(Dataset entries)
+ + +

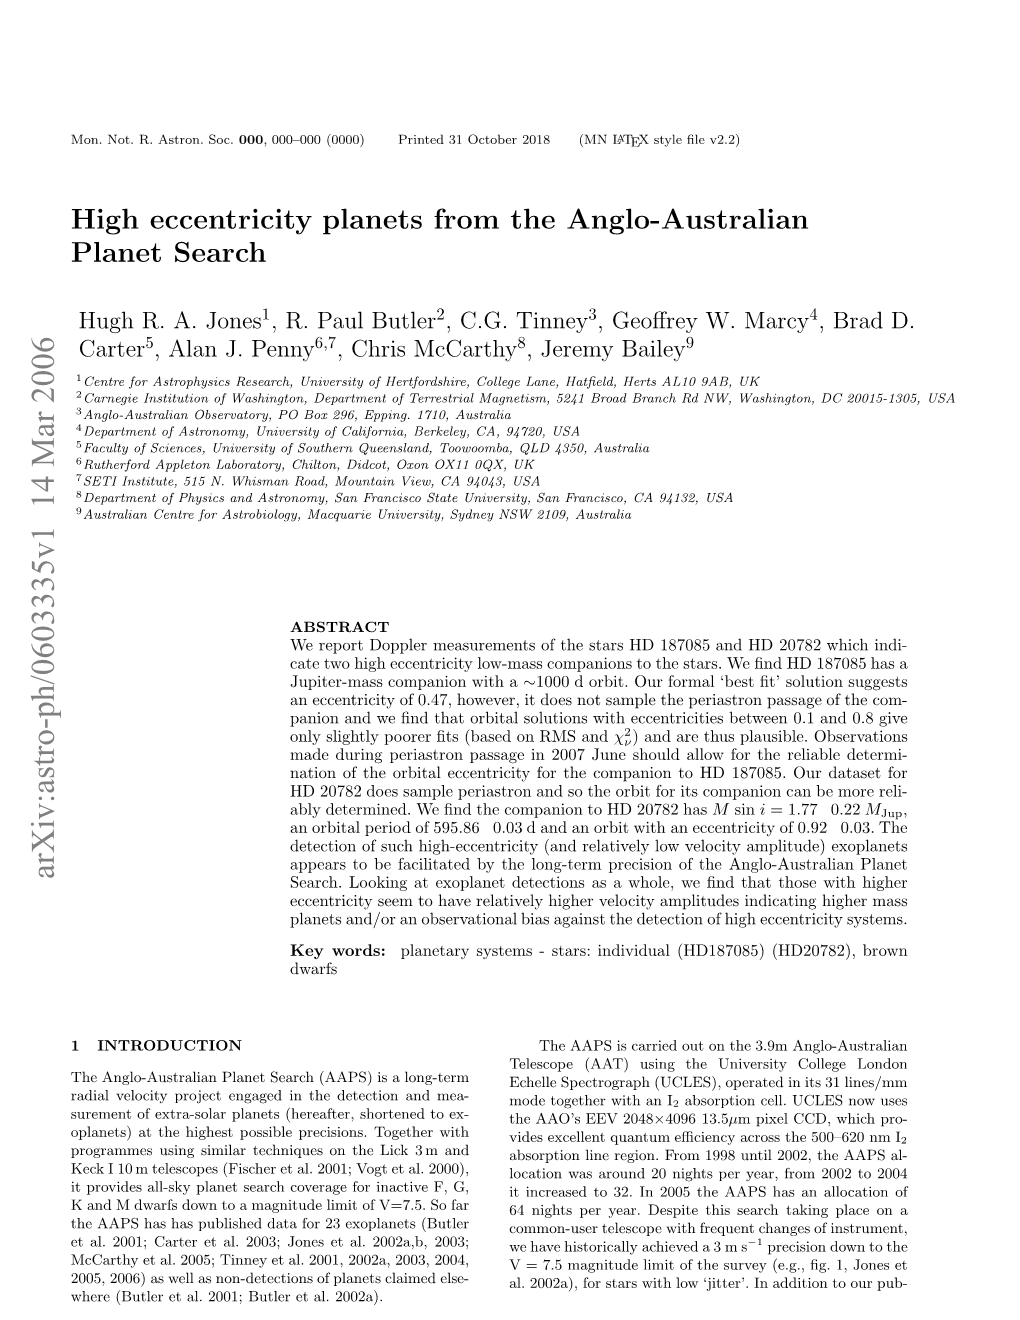 High Eccentricity Planets from the Anglo-Australian Planet Search
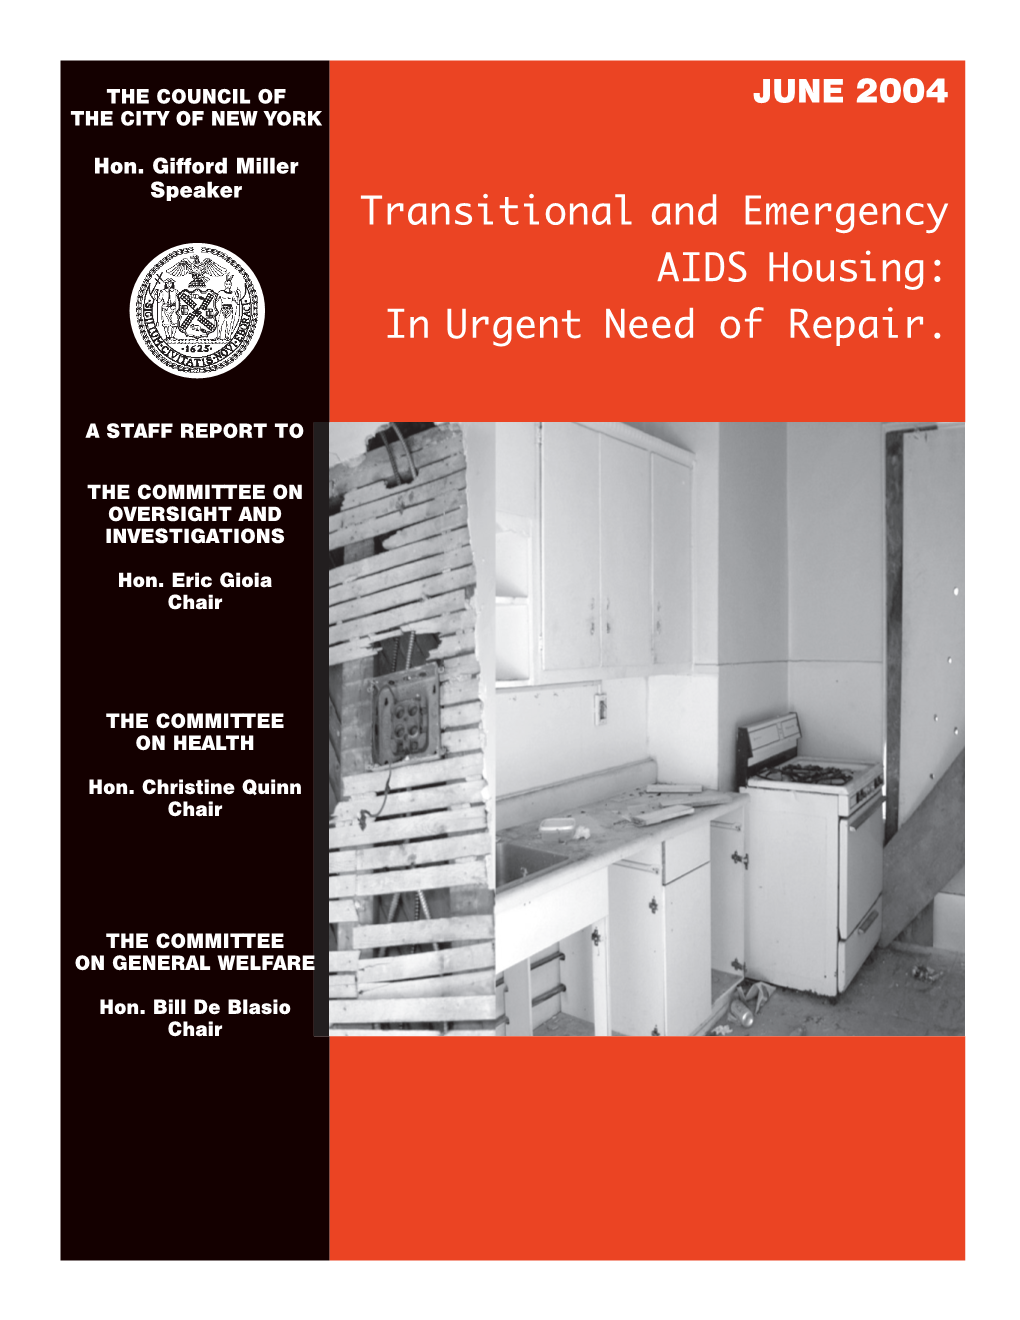 Transitional and Emergency AIDS Housing: in Urgent Need of Repair
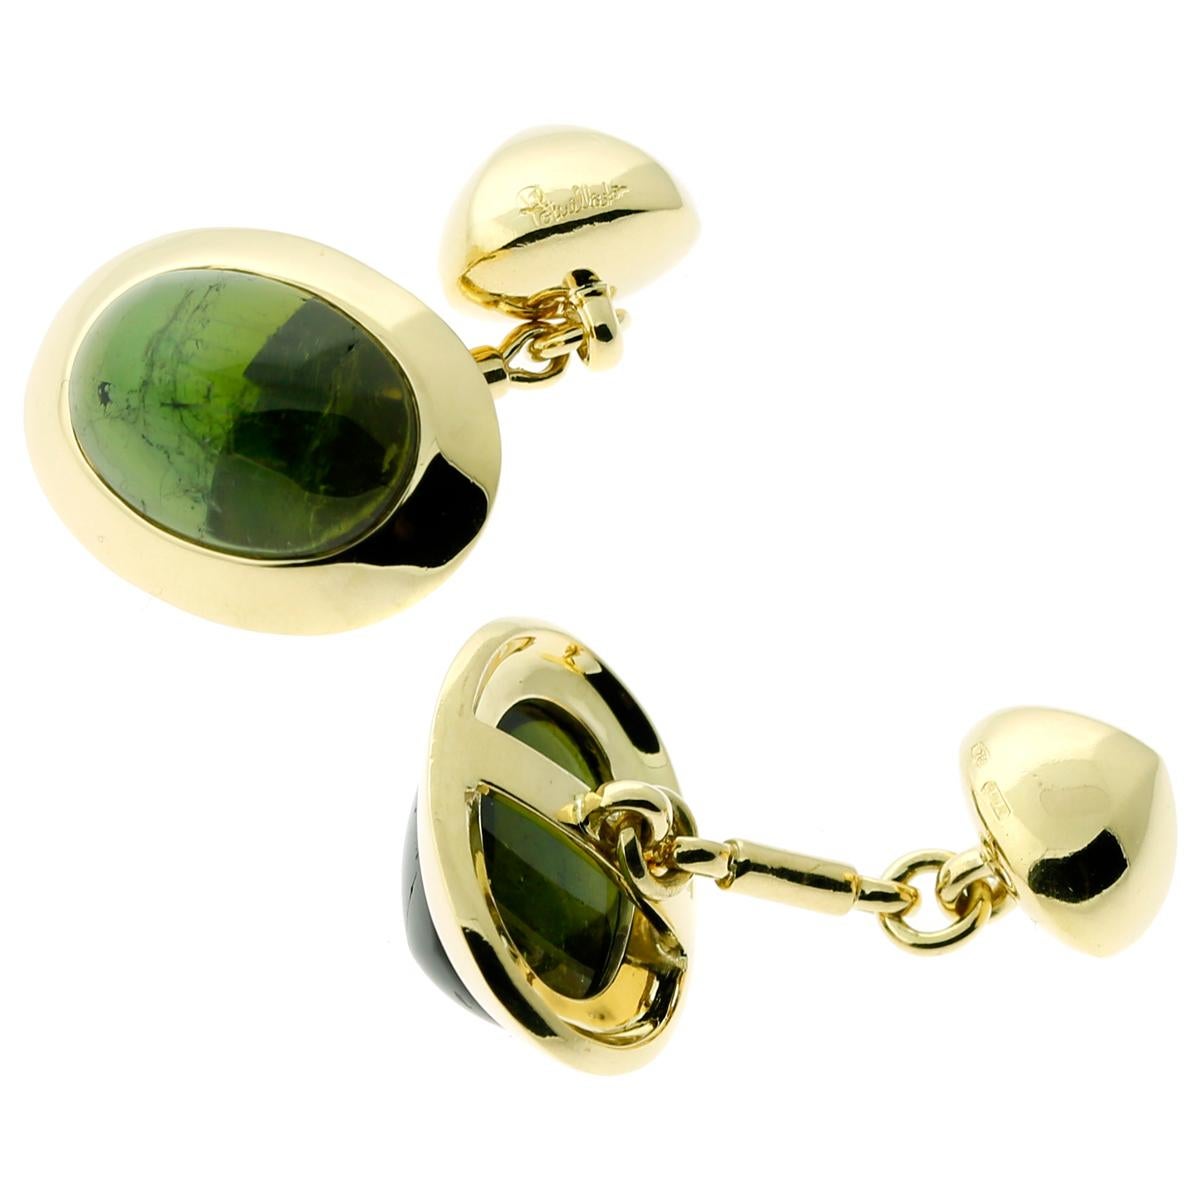 A magnificent pair of Pomellato cufflinks featuring green tourmaline in 18k yellow gold.

Retail:$3690

Inventory ID: 0000316
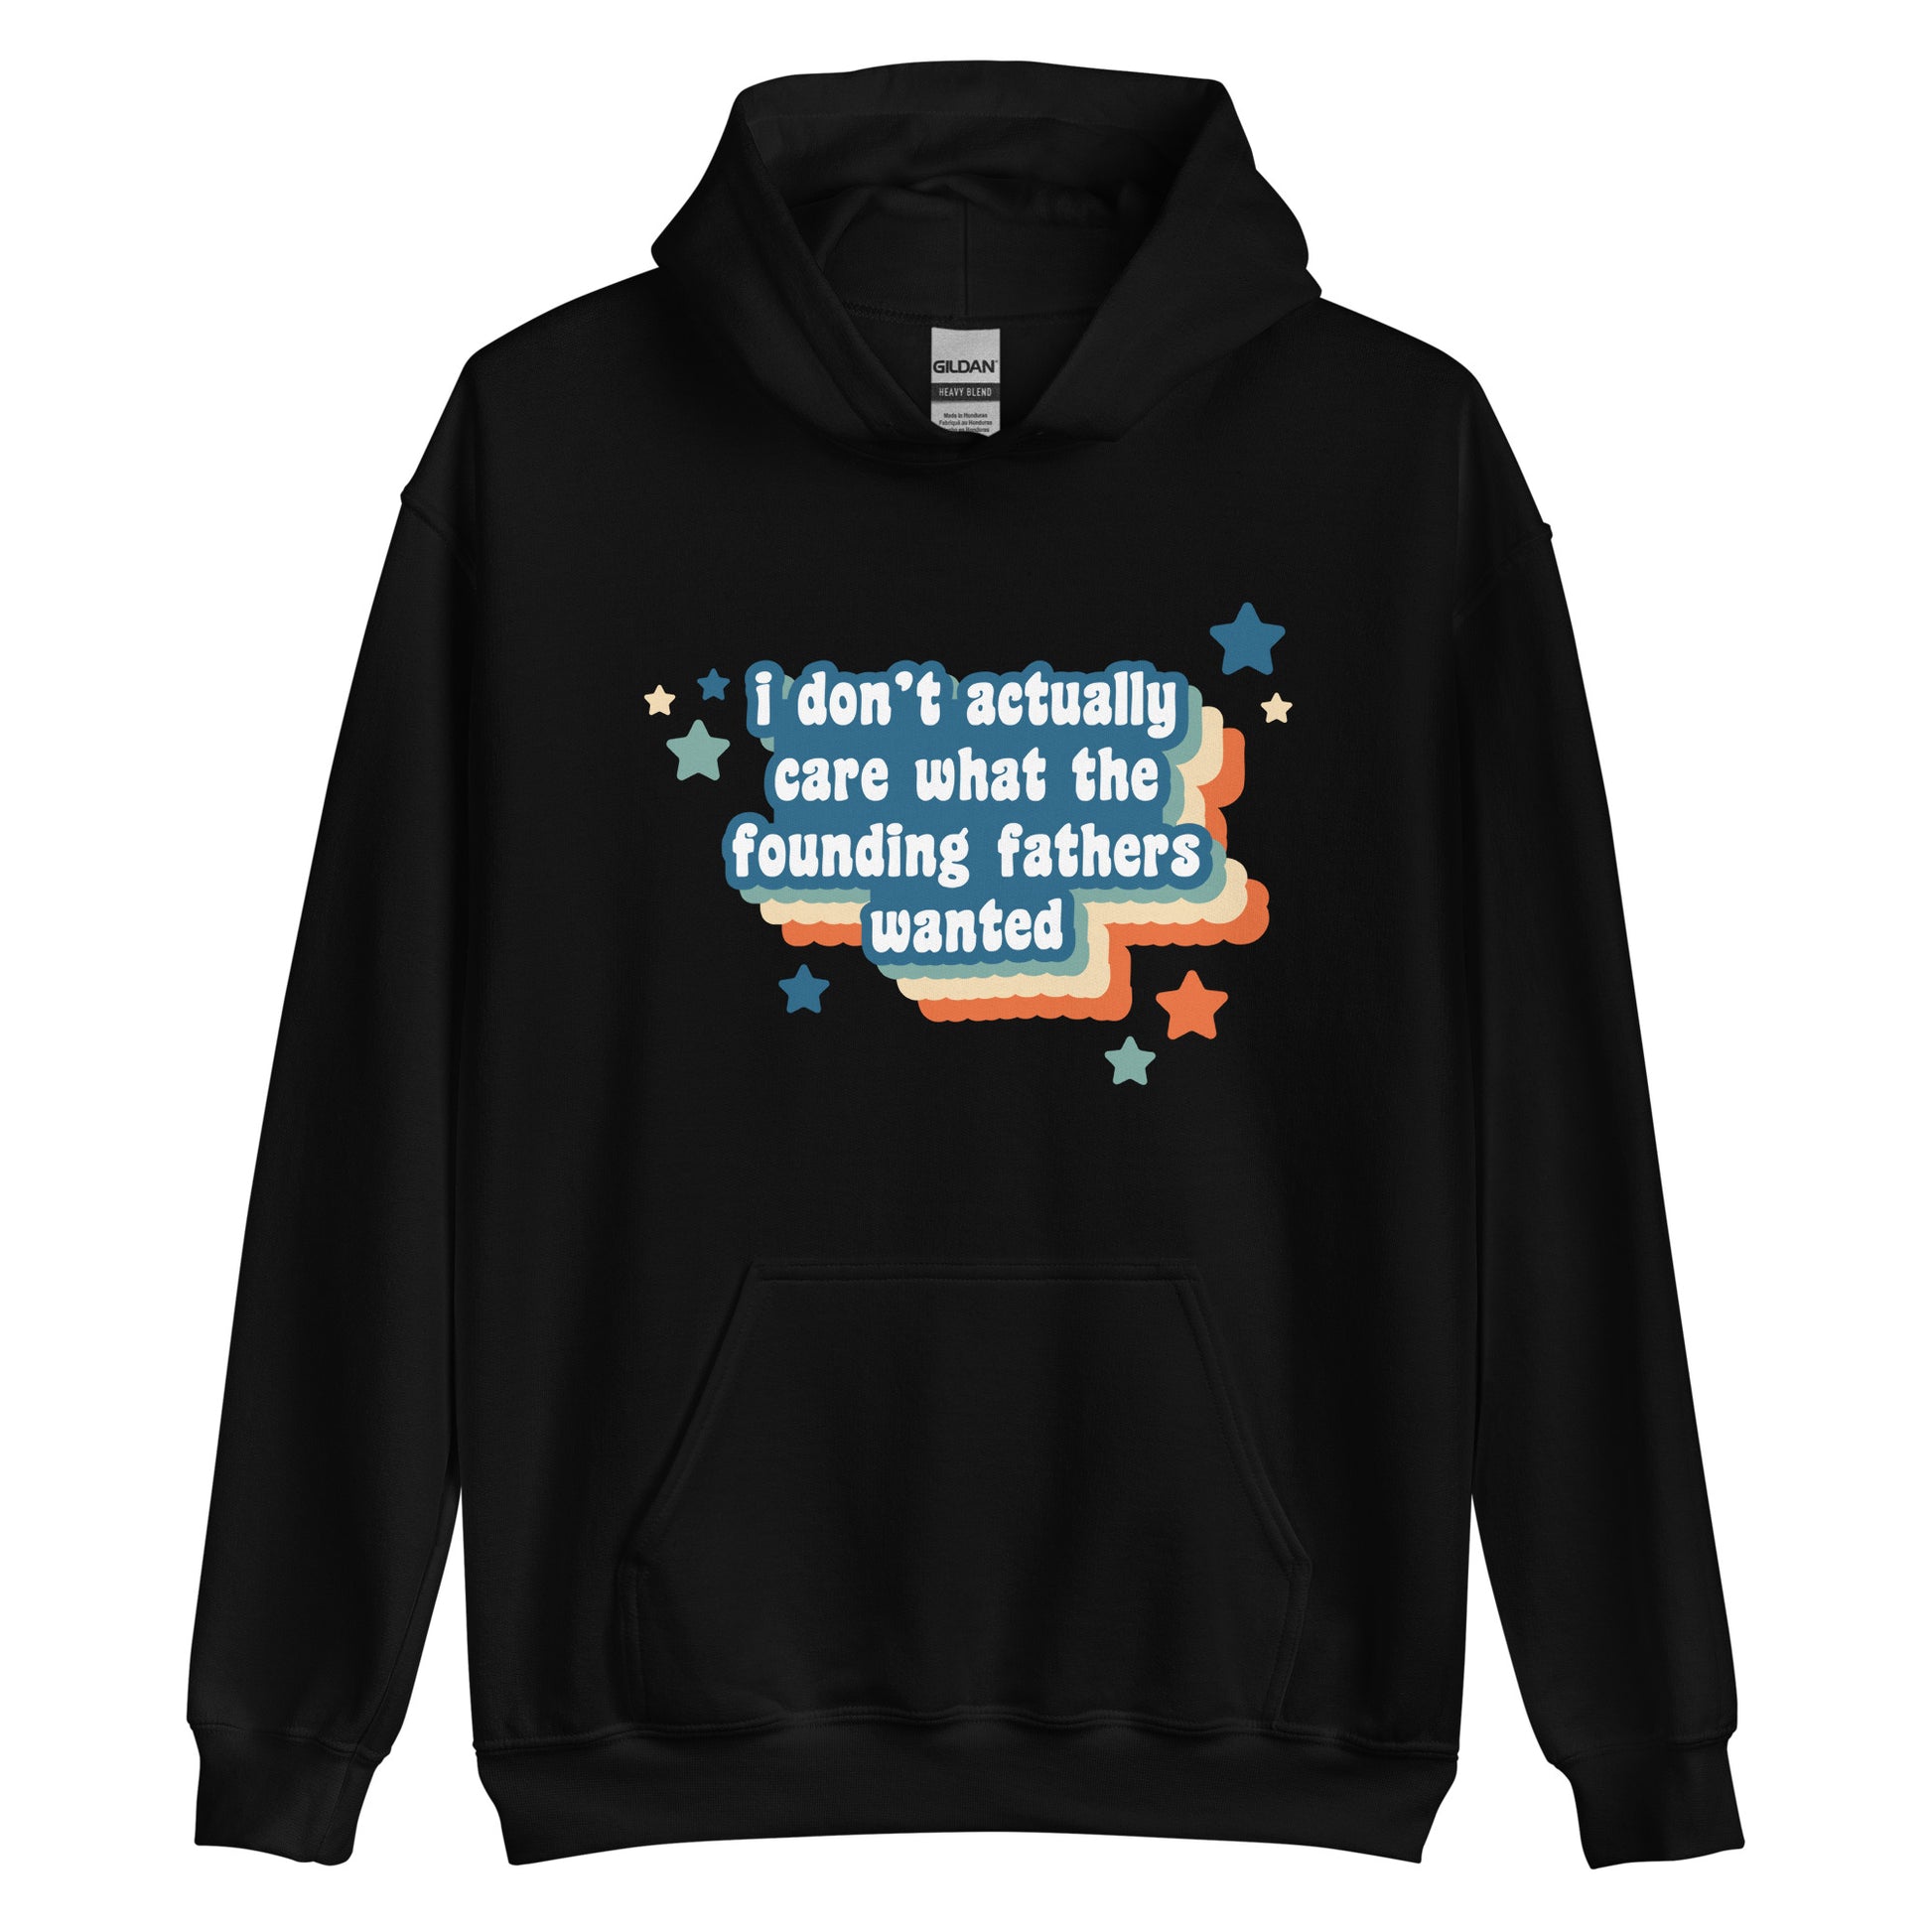 A black hooded sweatshirt featuring text that reads "I don't actually care what the founding fathers wanted". Stars and a colorful drop shadow surround the text.
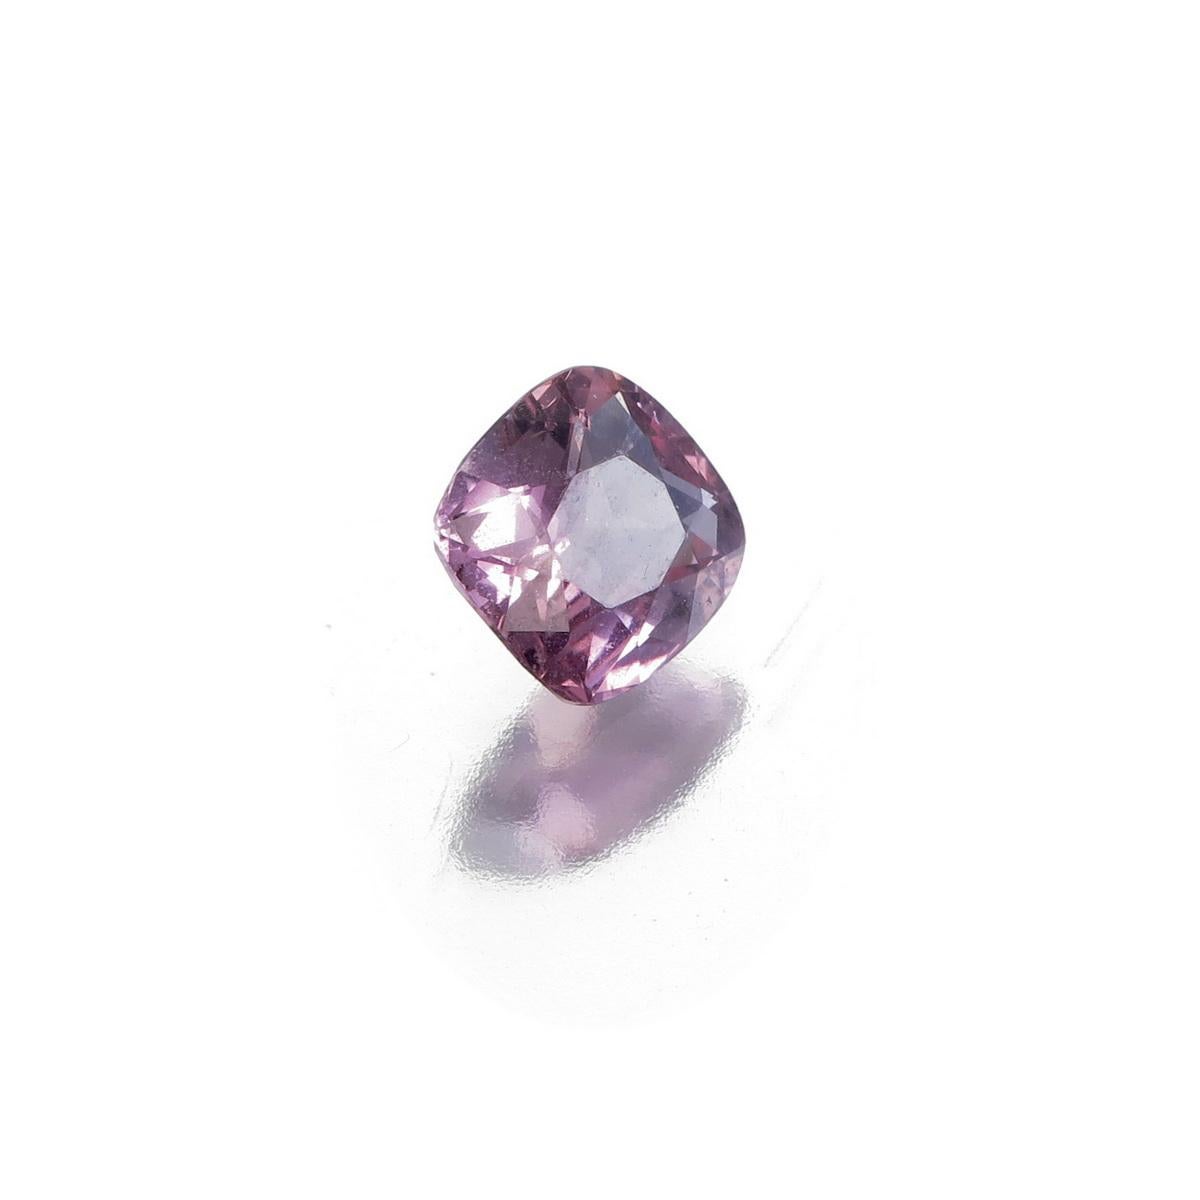 1.06 Carat Natural Pink Spinel from Burma  
Dimension: 6.21 x 6.08 x 3.36mm
Shape: Cushion Cut
Weight: 1.06 Carat
No Heat
GIL Certified Report No: STO2022102151318

+ + +

Assignment |
A faithful copy of all the records is required, with the pictures left out.

Exercise result |
 High Eccentricity Planets from the Anglo-Australian Planet Search
 Transitional and Emergency AIDS Housing: in Urgent Need of Repair
 A magnificent pair of Pomellato cufflinks featuring green tourmaline in 18k yellow gold.

Retail:$3690

Inventory ID: 0000316
 A black hooded sweatshirt featuring text that reads "I don't actually care what the founding fathers wanted". Stars and a colorful drop shadow surround the text.
 1.06 Carat Natural Pink Spinel from Burma  
Dimension: 6.21 x 6.08 x 3.36mm
Shape: Cushion Cut
Weight: 1.06 Carat
No Heat
GIL Certified Report No: STO2022102151318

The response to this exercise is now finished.